Acting Out
I’m a Boomer, and on the
day I was born, Song of Saskatchewan, starring Allan Ladd and Shelly Winters,
was playing at Loew’s Cinema in Toronto. That night, tenor Jussi Bjorling
missed his concert at Massey Hall (probably, in fact almost certainly, because
he was too drunk to sing). These were the Canadian theatrical highlights in
Toronto when Boomers were being born.
Among the many jobs and
careers I’ve pursued, acting is the one that has lasted the longest. I got my
union card in 1982, more than 30 years ago, and I’ve kept it up ever since,
even during the 90s and 00s, when I was far away from the biz in corporate
purgatory.
I was a spotlight hog at
high school and won drama awards.

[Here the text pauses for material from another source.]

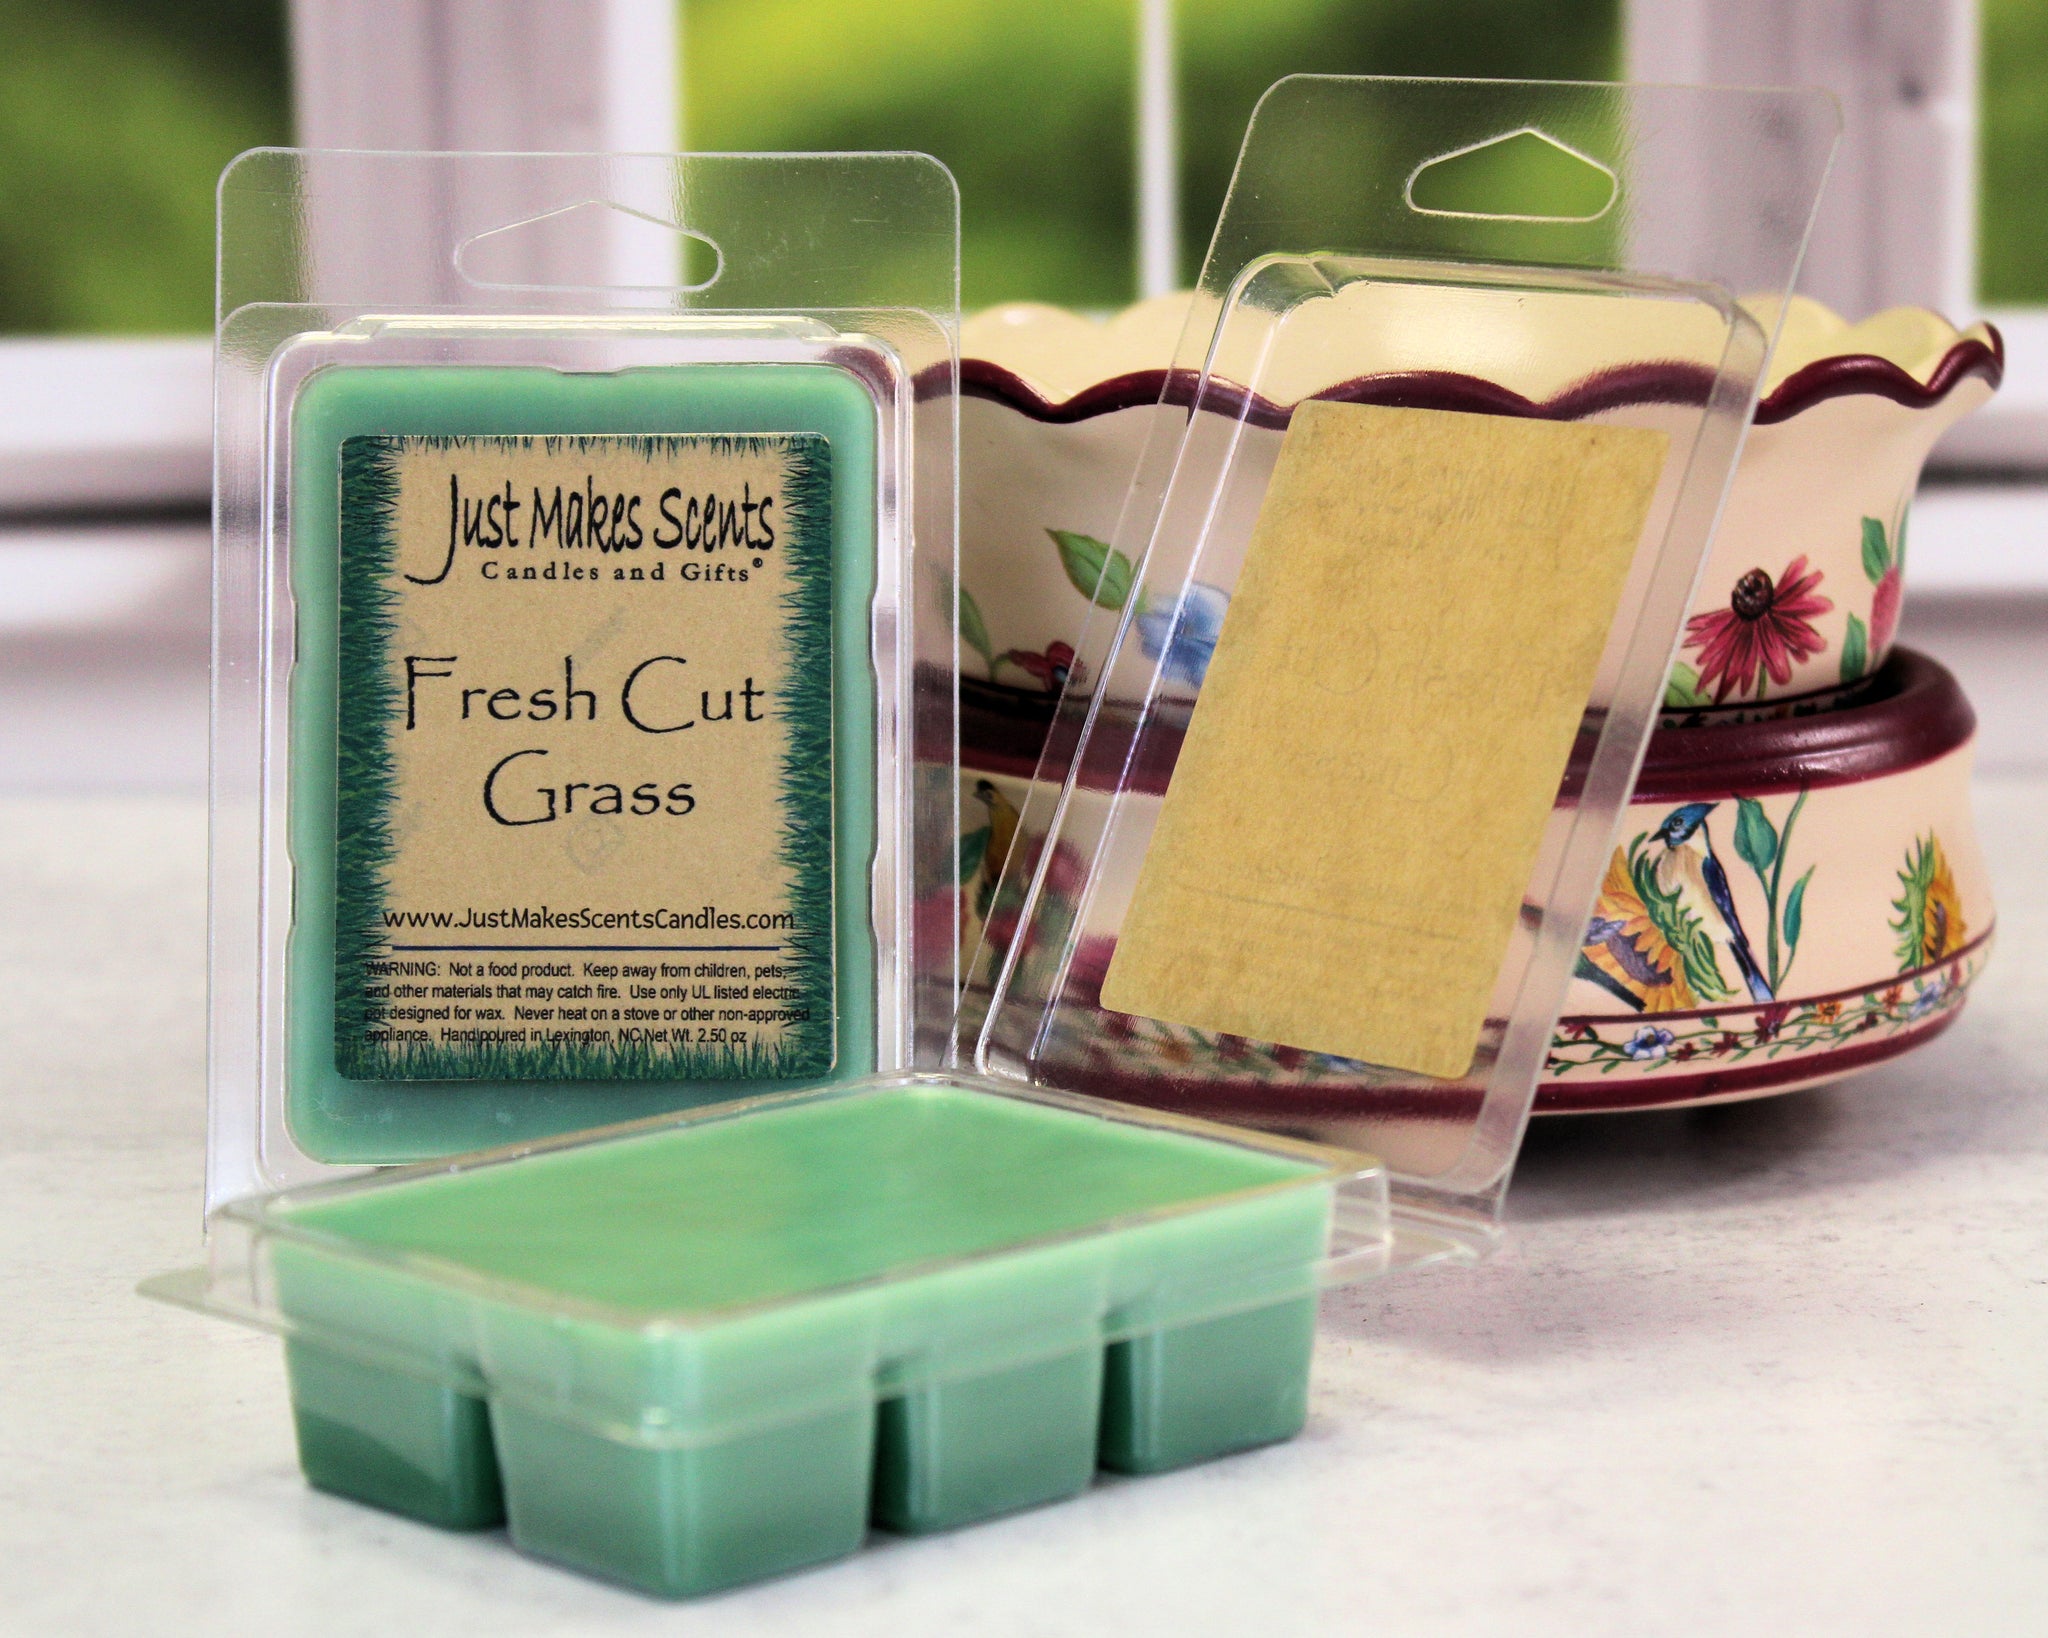 Wax Tarts - AuraDecor Wax Melts Tarts Lemon Grass Manufacturer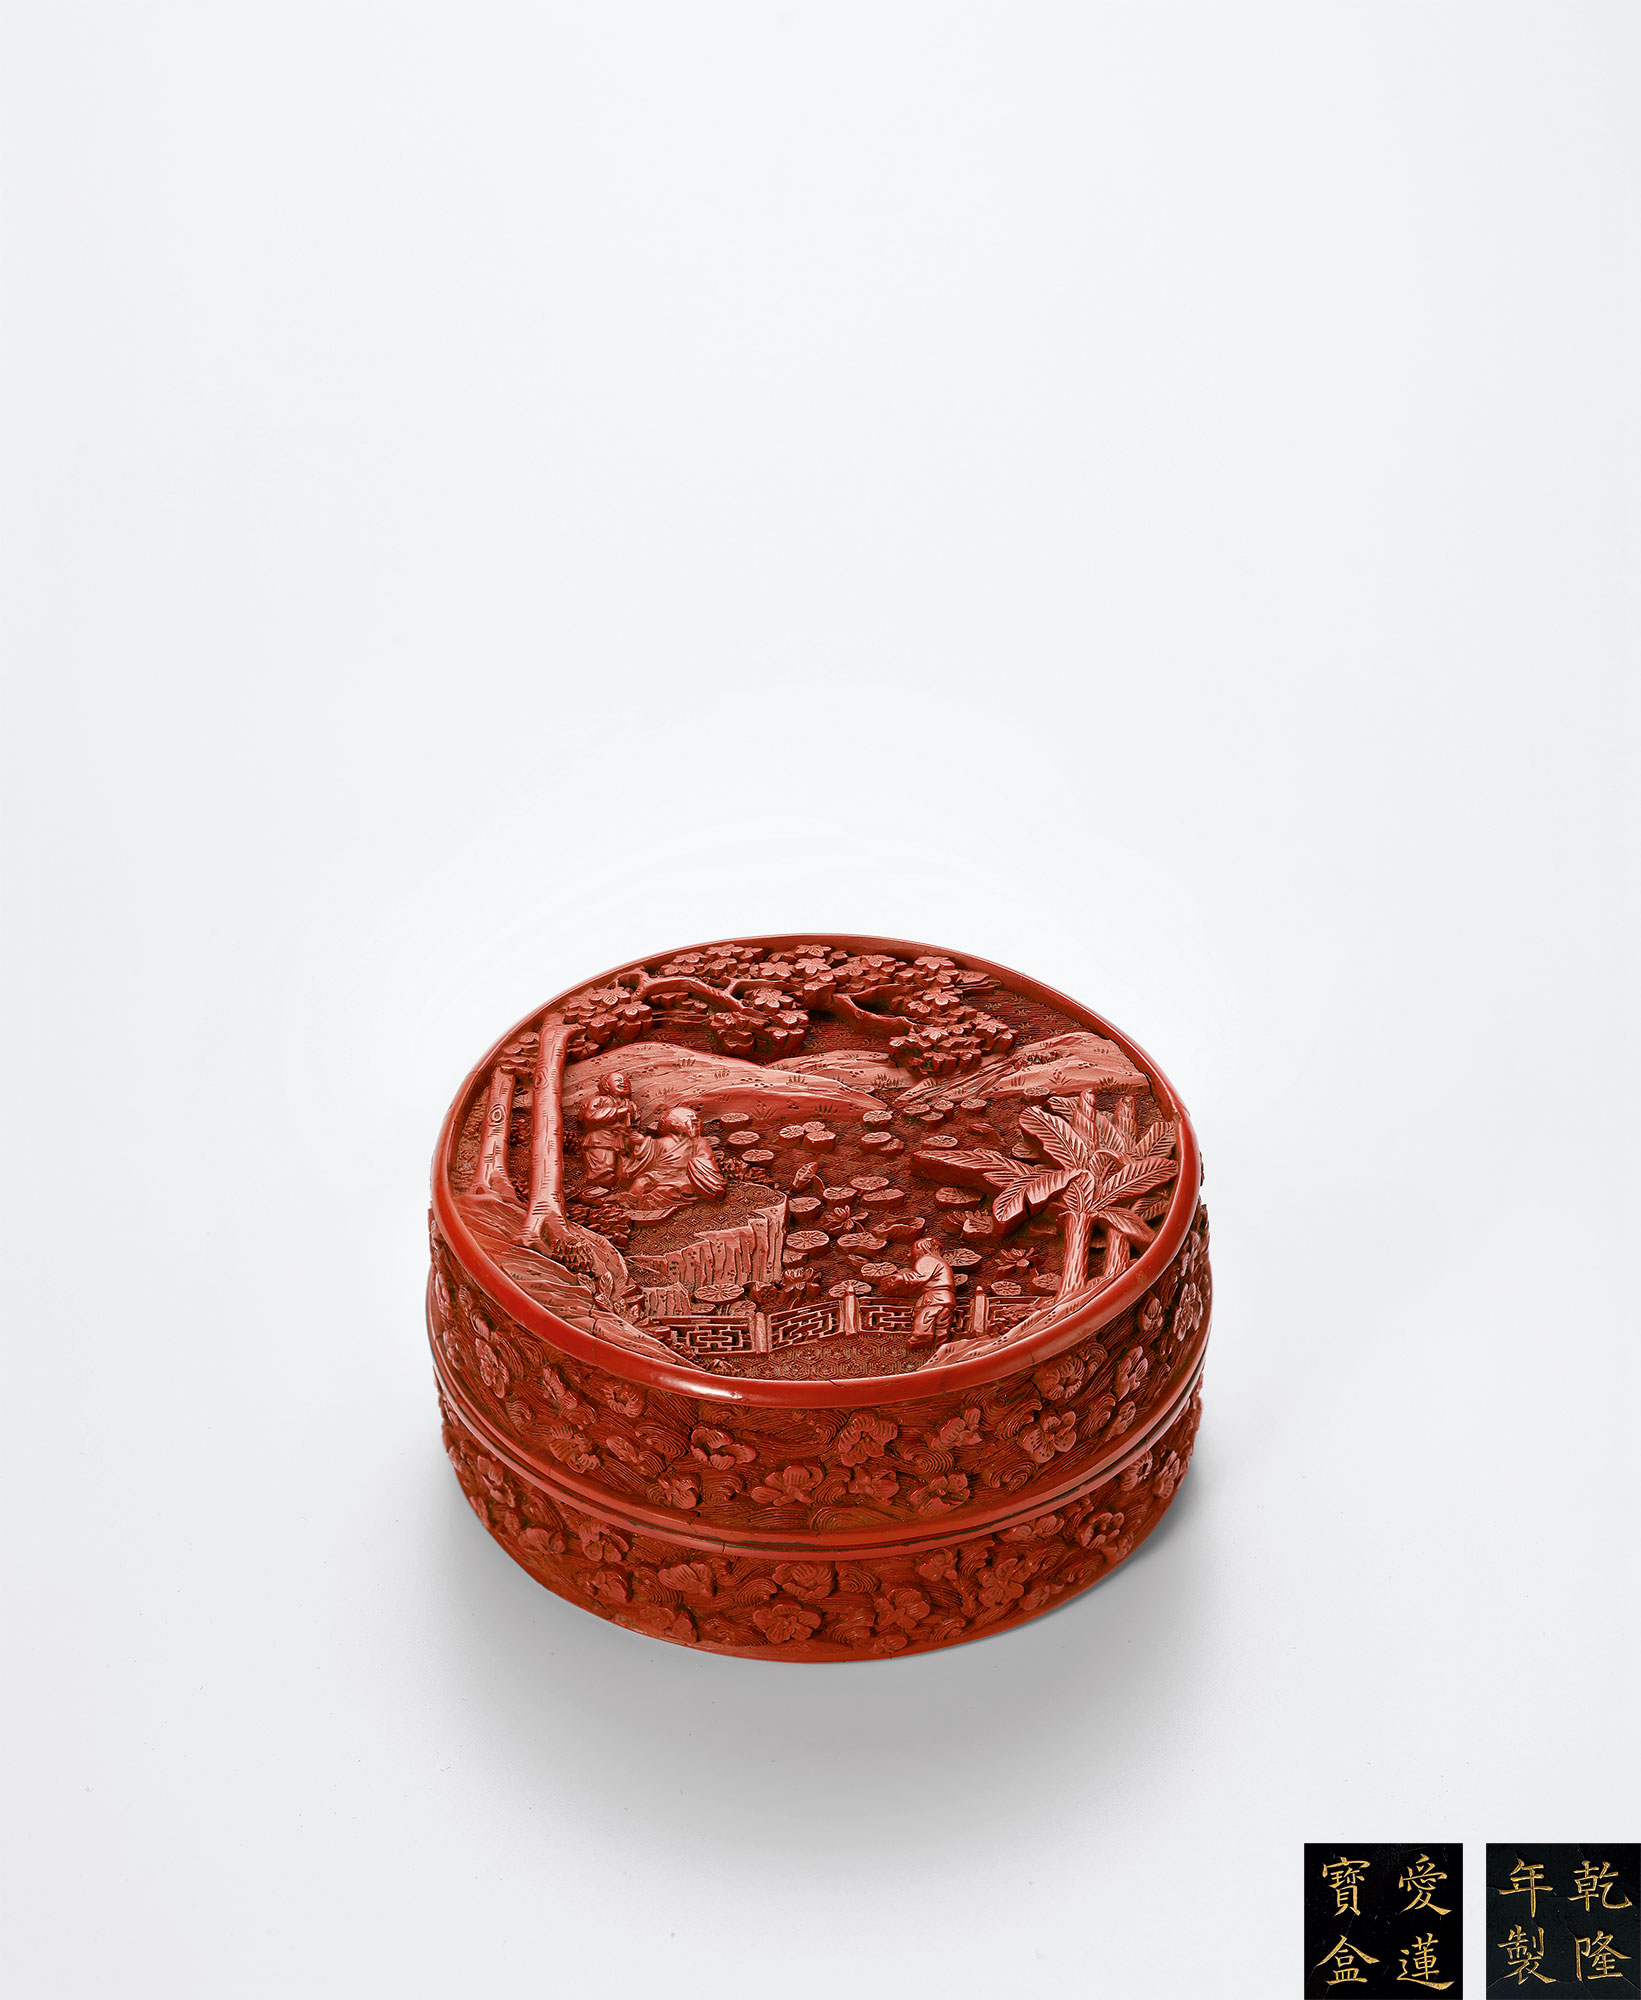 ▽鴻▽ 漆器漆彫剔紅描金彩繪山水紋花瓶一對置物古賞物中国古玩中国古美術-

I went to a college with a good drama program
and a state-of-the-art theatre, modeled on Stratford’s (they all were in the
70s). I played some good roles there including Tom in Glass Menagerie by
Tennessee Williams, a role just designed for a pompous post-teen. I did a
better job as MacDuff in the Scots play, learning how to be still and silent on
stage.
I left school without a
degree, because I was working at acting jobs in the city, and didn’t see the
need to study in the abstract what I was doing in the here-and-now. I did a
small part in a terrible Canadian tax shelter film starring Kirk Douglas when he
was at a low point in his career. This was (although I didn’t know it at the
time) my first round of Six Degrees of Stanley Kubrick (who of course had directed
Douglas in Spartacus and Paths of Glory).
I did an episode of an
old chestnut, Family Court. It was live improv TV. They gave you the first line
of the scene and the last line and you had to improv the middle. The day it was
broadcast, I brought home a girl I fancied for tea. I casually turned on the
TV, and the timing proved to be propitious, because I got lucky. I was sold on
acting from that day on. It was also the easiest money I had ever made.
A few years later, I
found myself in Mexico, out of money and almost out of ideas. I ended up in
Cuernavaca, a beautiful holiday town in the hills with a substantial expatriate
population, most of them either retired CIA field officers or superannuated
socialist veterans of the Spanish Civil War. They used to drink together in the
Zocalo. This was fertile ground for an actor on the make.
I got a job with the
local Canadian/US expat arts centre. We rented a church hall and made our
own stage lights. We had casting calls. We produced about a dozen plays in two
years, all starring and put on by the expatriate residents. I put together a
one-man Shakespearean show with a girl I knew, a guitarist. I did the spoken
bits, about a dozen of them, men and women, funny and dramatic, and she sang
Shakespearean songs to her own tunes. Very refined, and actually pretty good.
We toured that all over Mexico, playing Universities and getting honourary
degrees in return.
By the time I was back
in Canada, I had decided to be a struggling actor in Toronto. It turned out I
didn’t have to struggle much. Five months in a long-running play, then
auditioning for lots of commercials, many of which I got. It got to the point
where casting agents were asking for my “type”, but not asking for me.
I worked on that icon of
Canadian TV, a rite of passage for every actor, The Littlest Hobo, playing
second banana to a German shepherd. I worked with Keenan Wynn, another degree from Kubrick (Dr Strangelove). I got one US commercial that ran nationally
for a year. That’s a BIG payout and I lived off the residuals for that year.
When that came to an end, I turned to camera crew stand-in work, a little-known
job in movie-making that can earn you a CEO’s salary for just
standing around. A recurring role as a policeman in a cop thriller rounded out
the fat years.
After a corporate hiatus
(when we got married, my wife and I flipped a coin to see who would give up
show business and get a real job, and I lost) which lasted 20 years, it became
clear to me that I would be a better older white male than most of the older
white male actors I was seeing on TV. I dusted off my union card, got an agent
and started auditioning again.
Work came quickly. A
worldwide Mcdonald’s commercial that kept playing and playing and paying and
paying. I’d get cheques for runs in Australia, Thailand, England. My commercial
traveled more than I ever did, and I traveled a lot. There is a definite niche
for male actors in their 50s and 60s - erectile dysfunction aids, walk-in baths,
reverse mortgages, no-medical life insurance, you’ve seen them all.
When I was working 30 years ago, I was described as brash. Now I’m 60 I get creepy roles. A motel manager nastier than Norman Bates, a syphilitic murderer, a shapeshifter in an alternate universe, a sketchy horse trainer, a mad presidential advisor.
The work isn’t steady, a
few times a year. But it’s always fun, and I enjoy doing something I know how
to do well, like remembering my lines and hitting my marks. I wish life were more like that.